WHAT IS BEING ASKED:
Your answer should be the lines from the one with "14K Gold Colourful" to the end of the data below, both included, exact and free of pictures.

:: SUPPLIED INFORMATION

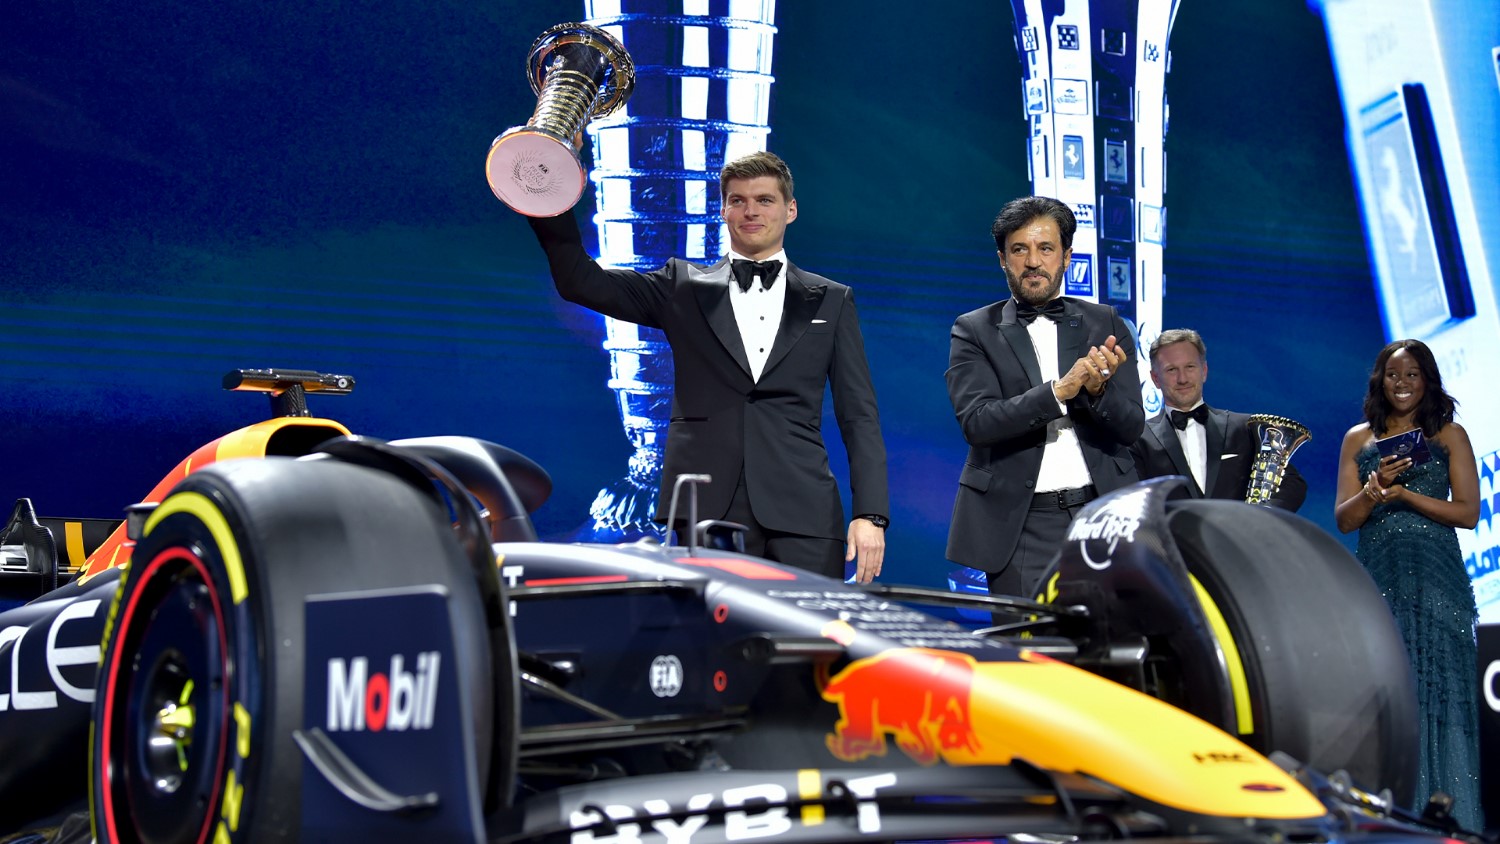 2022 F1 Champion Max Verstappen and FIA President Mohammed Ben Sulayem
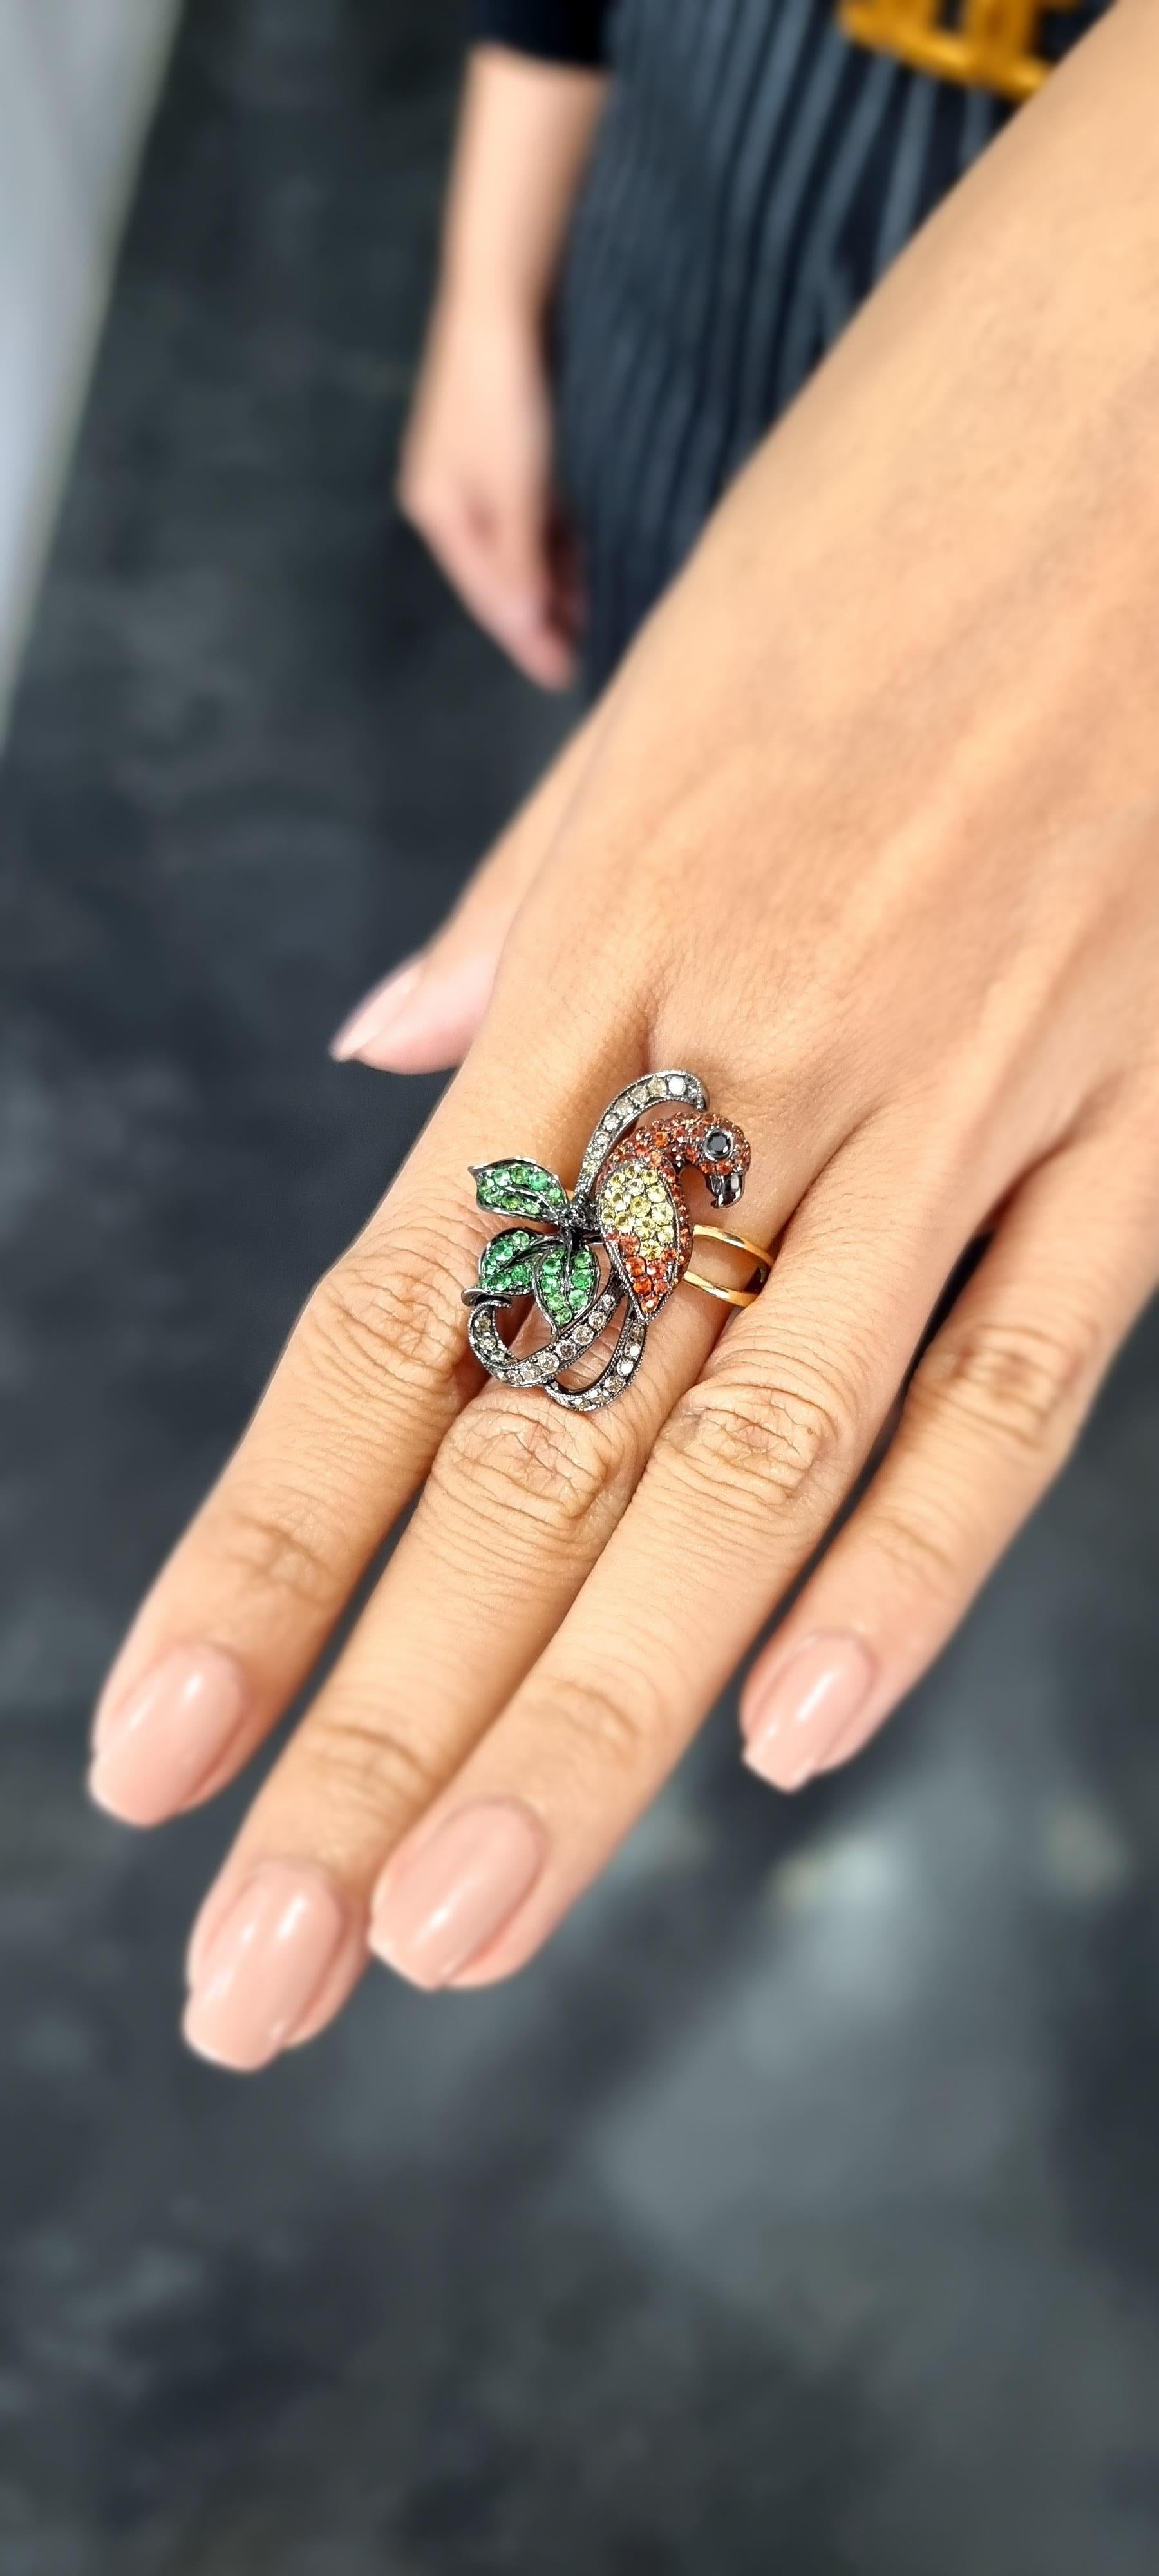 14K Gold Colourful Parrot Ring with Diamonds, Garnets and Sapphires For Sale 2
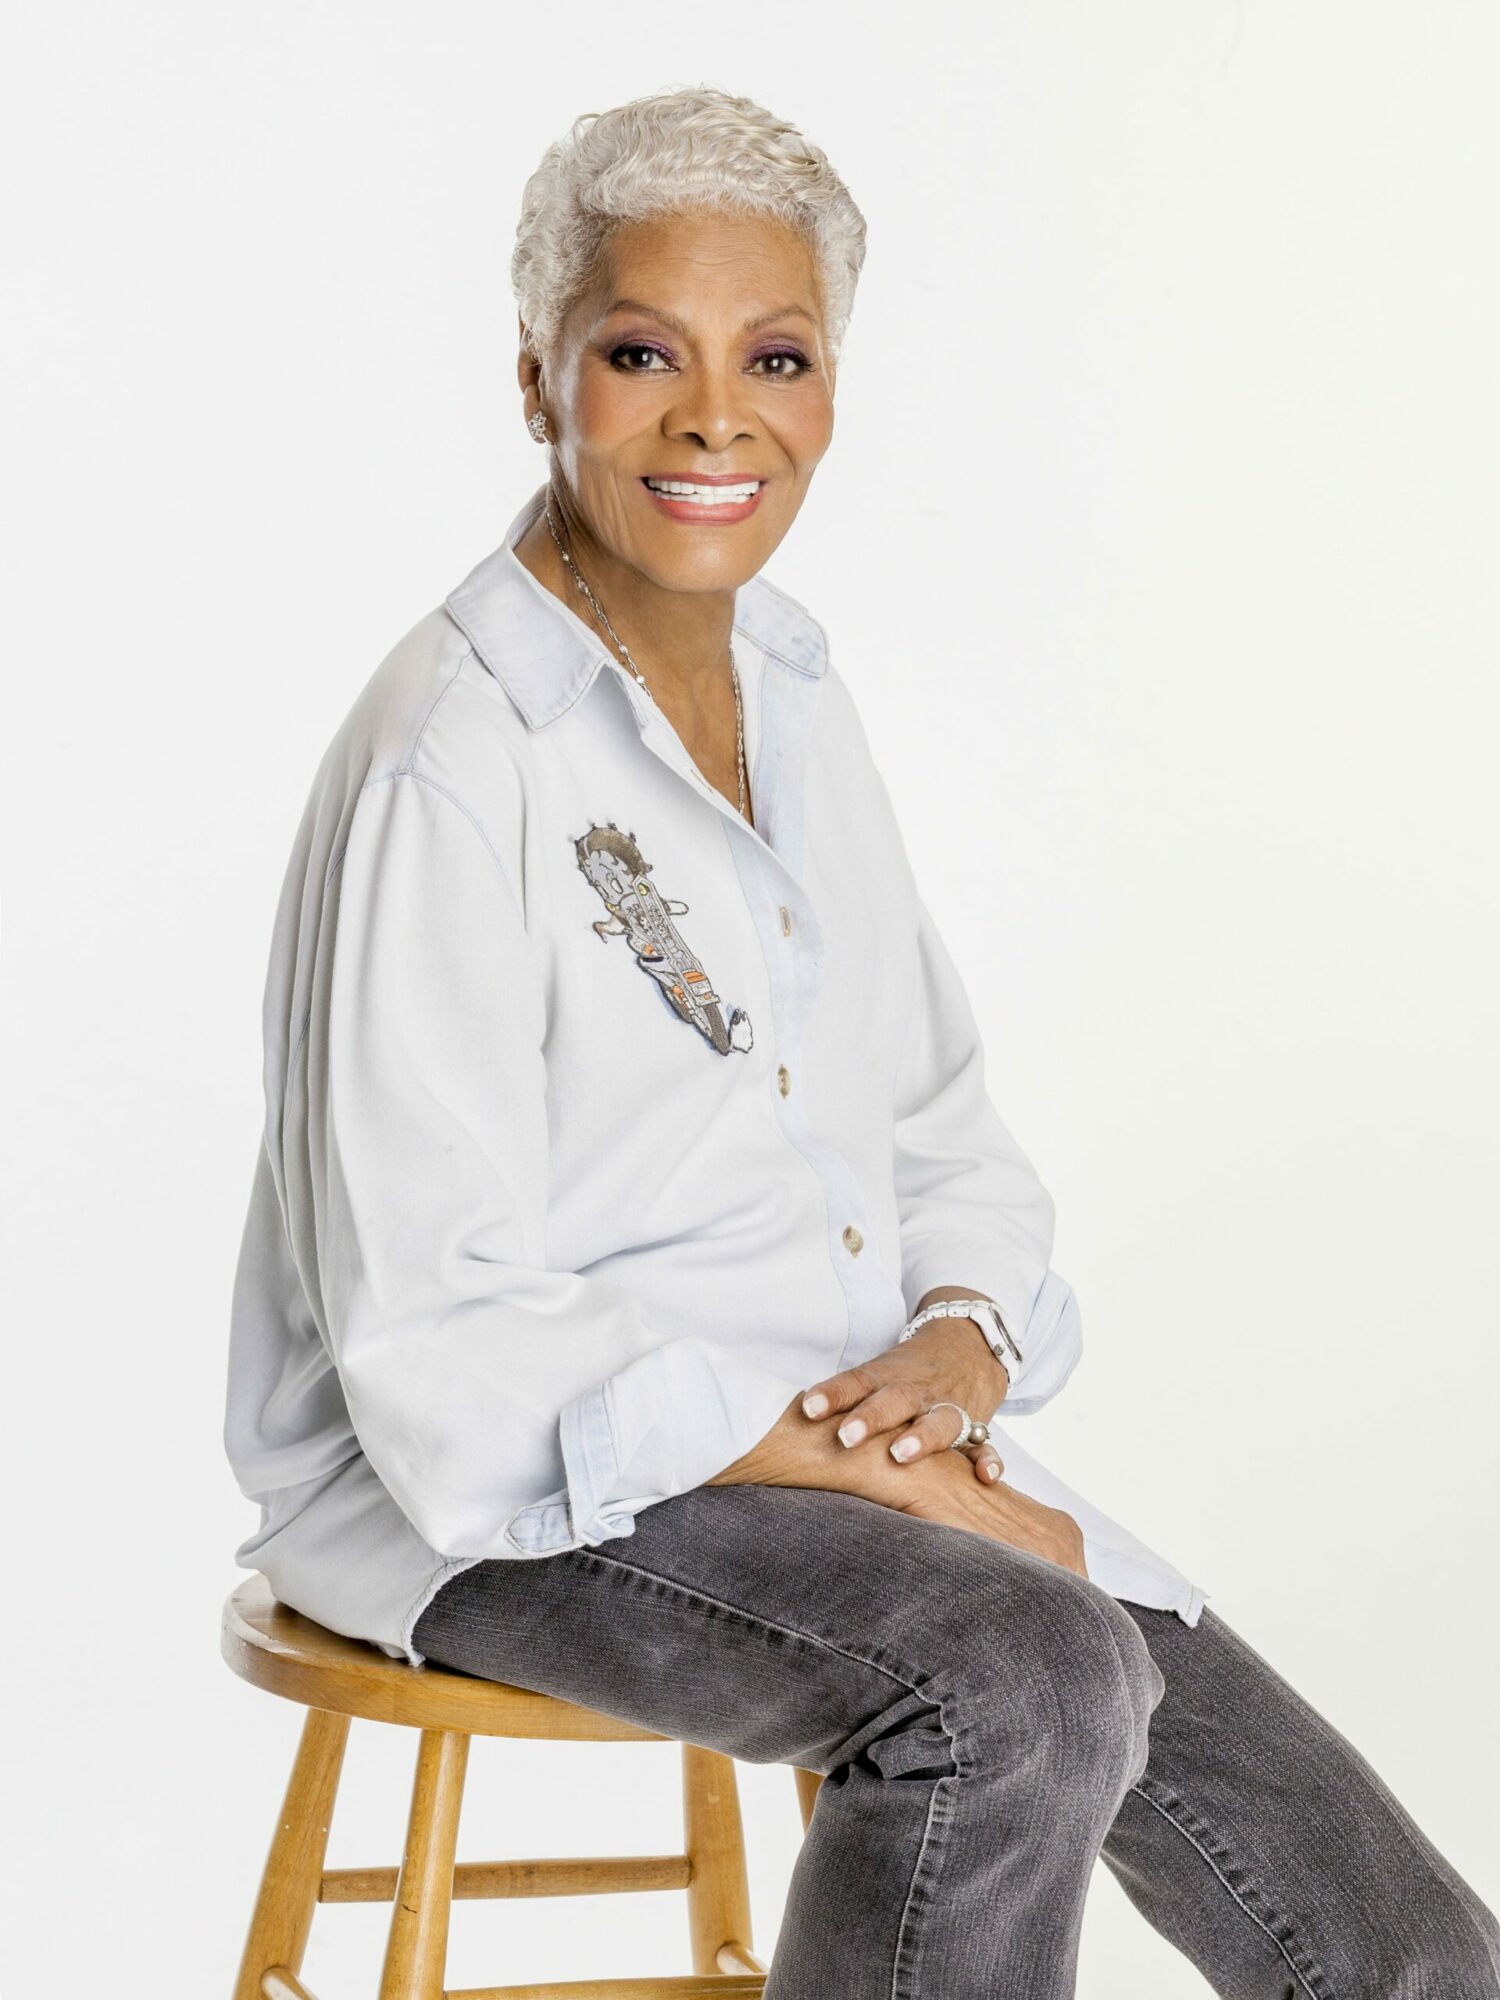 Dionne Warwick: Don’t Make Me Over at Scarborough Spa Grand Hall, Scarborough

::::

EXERCISE OUTPUT:
 14K Gold Colourful Parrot Ring with Diamonds, Garnets and Sapphires For Sale 2
 Dionne Warwick: Don’t Make Me Over at Scarborough Spa Grand Hall, Scarborough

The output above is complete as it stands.